Hm, mówię zawsze ziemniaki. Placki ziemniaczane, kiszka ziemniaczana. I
borówki, gdy jestem w towarzystwie małopolskim, a w innym przechodzę na
czarne jagody. W nieznanym też, bo tak jest poprawnie niestety, a chcę
być zrozumiana.
> Tak samo jak ludzi. Też mają ciekawe wędrówki, a potem ciekawe rzeczy
> z tego wynikają.
Bo podróże kształcą, choćby i niechciane.
>> Pewnie z Serbii to jeszcze nie, może z Bośni?
>
> Wystarczy, że z Krainy.
W to wątpię. Bogatszy by jeździł zarabiać do biedniejszego?
> Z tym że to słowo
> jest węgierskie. Za to wiadomo, że nasz "krawat" pochodzi wprost
> od "Hrvat", "Chorawt" -- i upamiętnia wynalazców tego wisiorka.

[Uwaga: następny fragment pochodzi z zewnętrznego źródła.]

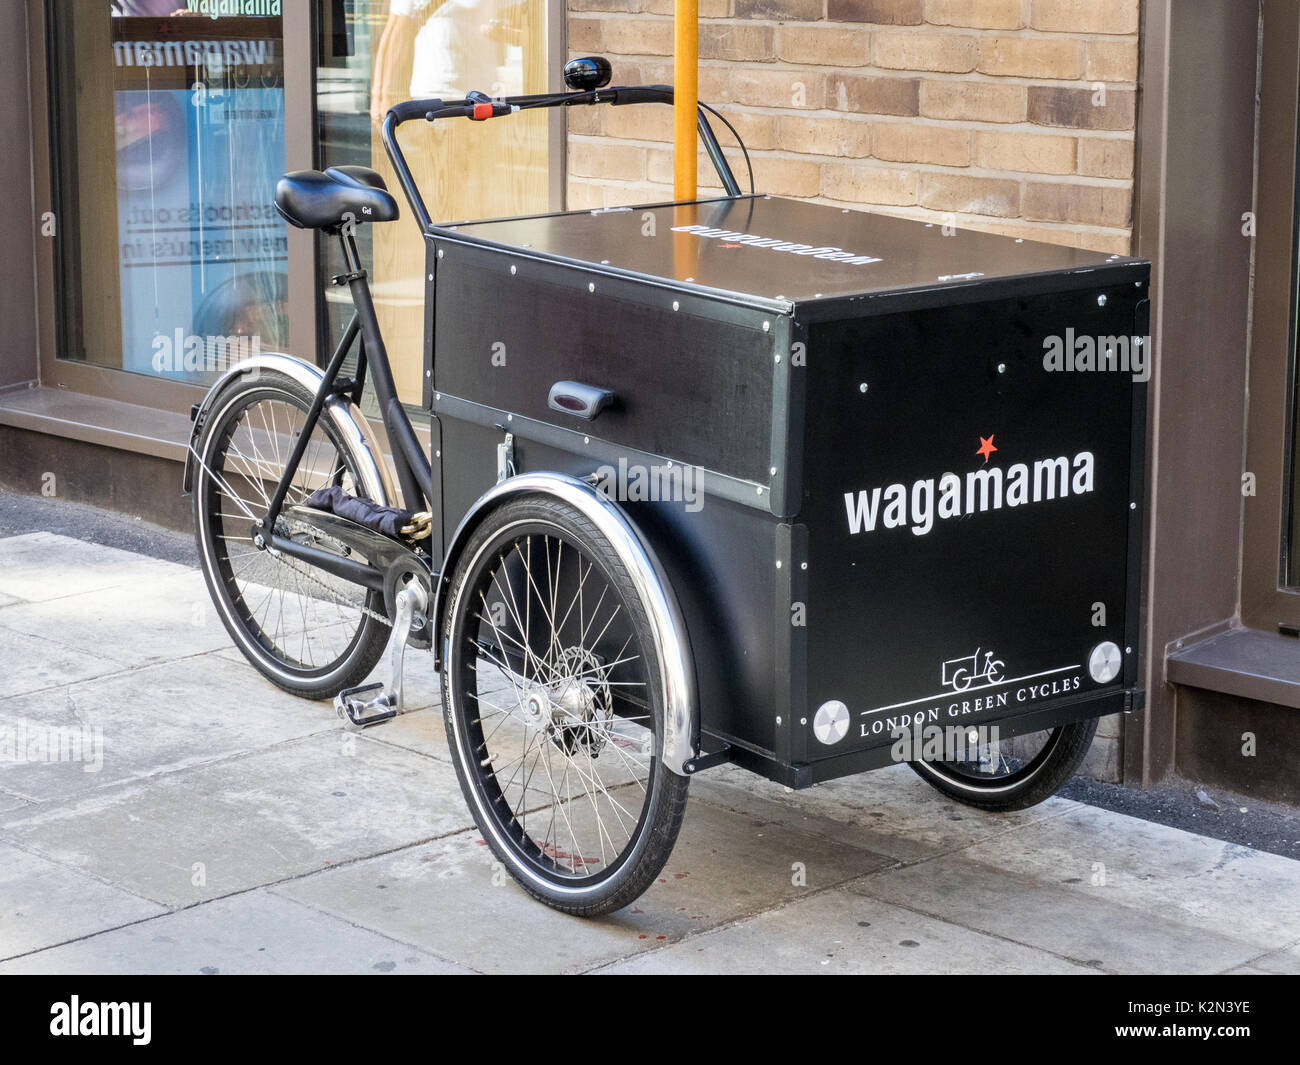 Vélo Cargo pour les livraisons de la cuisine fusion asiatique Wagamama restaurant à Soho, Central London UK Banque D'Images

O, tego nie wiedziałam. Bo i nigdy nie zastanawiałam się nad krawatem, a
podobieństwo brzmienia faktycznie nie pozostawia wielu wątpliwości.
>> Jak zwał, tak zwał, te kababi są świetne, a kulinarne wpływy arabskie
>> rozciągają się na wielkim obszarze.
>
> Arabskie? Chyba przede wszystkim tureckie. Też muzułmanie, ale to jednak
> nie to samo.
Arabowie twierdzą, że mielone kulki mięsa pieczone na ruszcie to ich
wynalazek, podebrany przez inne nacje. Ale może są w błędzie?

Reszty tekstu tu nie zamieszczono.